Whenever I share that I’m taking a break from the news, someone always tells me that it’s important to stay informed. I agree. Kind of. It is important to stay informed but not on an hourly basis or even a daily basis. It’s also important to consider how you are informed. I don’t “watch” the news or news clips or video shared online. I read the news and choose what I let into my heart and soul and how I let it in. If you are feeling overwhelmed, take a break from the news, social media and the internet whenever you want. Being uninformed for a minute allows you to feel the way you want to feel instead of living in a reactionary state 24/7.

8. Stop trying to help or fix everyone.

Author Anne Lamott says, “Our help is usually not very helpful. Our help is often toxic. And help is the sunny side of control. Stop helping so much. Don’t get your help and goodness all over everybody.” Oh ouch! Help is the sunny side of control?!

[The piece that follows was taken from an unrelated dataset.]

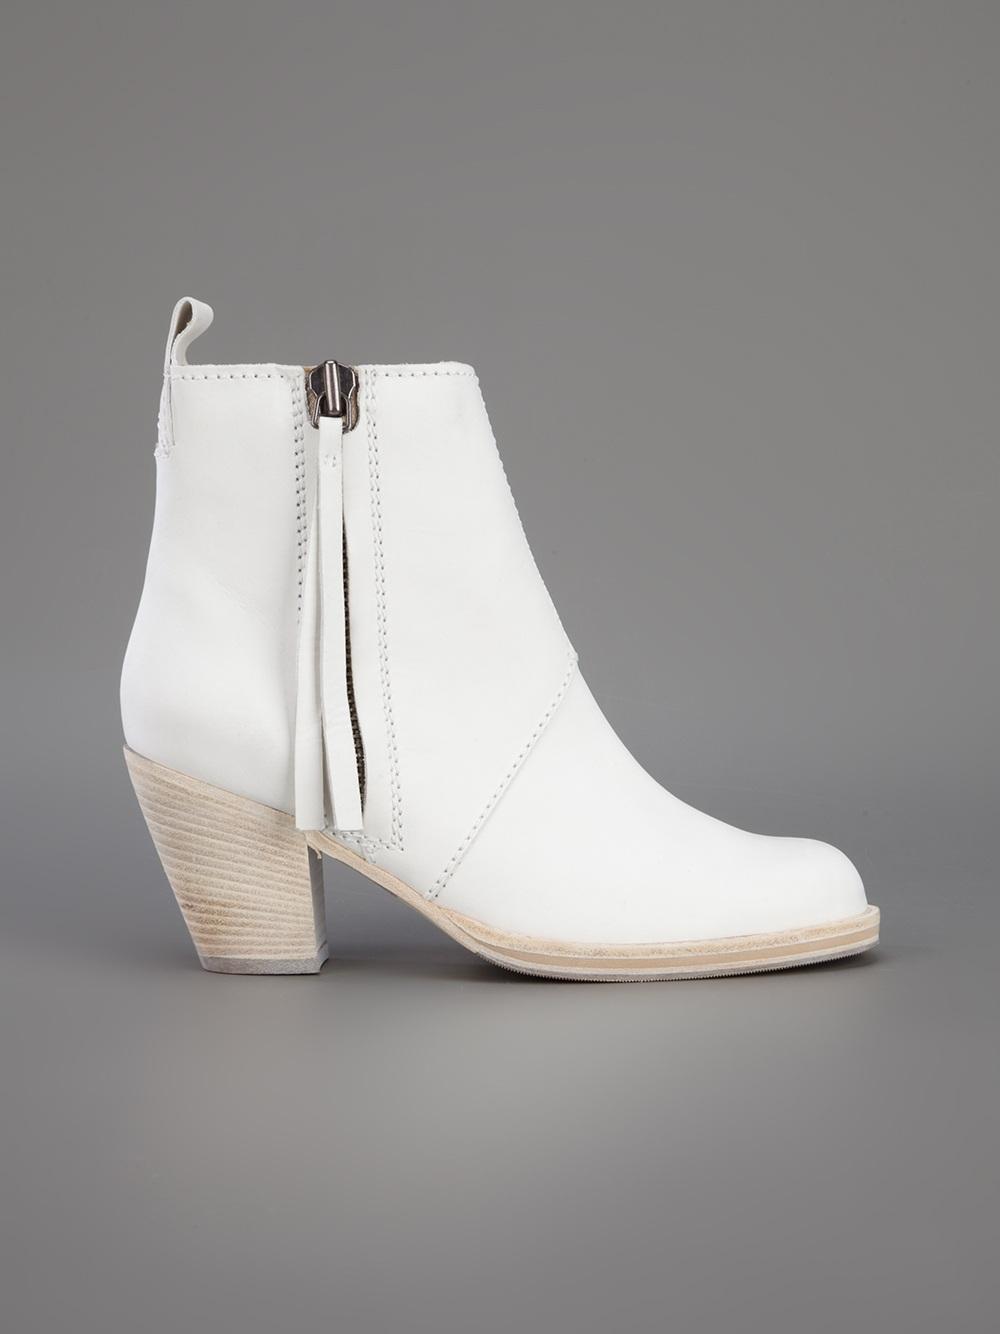 9936c5bda1977 Lyst - Acne Studios Pistol Ankle Boot in White

I’ll admit, I often think of my advice as being helpful, which is why seeing it through Anne Lamott’s eyes is so powerful. It makes me wonder, do I want to help? Or do I want to control the situation? What about you … helpful or controlling? Or maybe a little bit of both? When you begin to see and accept people for who they are instead of trying to turn them into who you want them to be, the stress begins to melt away.

There will be seasons of life that are more stressful than others and times when stress gets the best of us. That makes it even more meaningful to protect our peace and stress less where we can.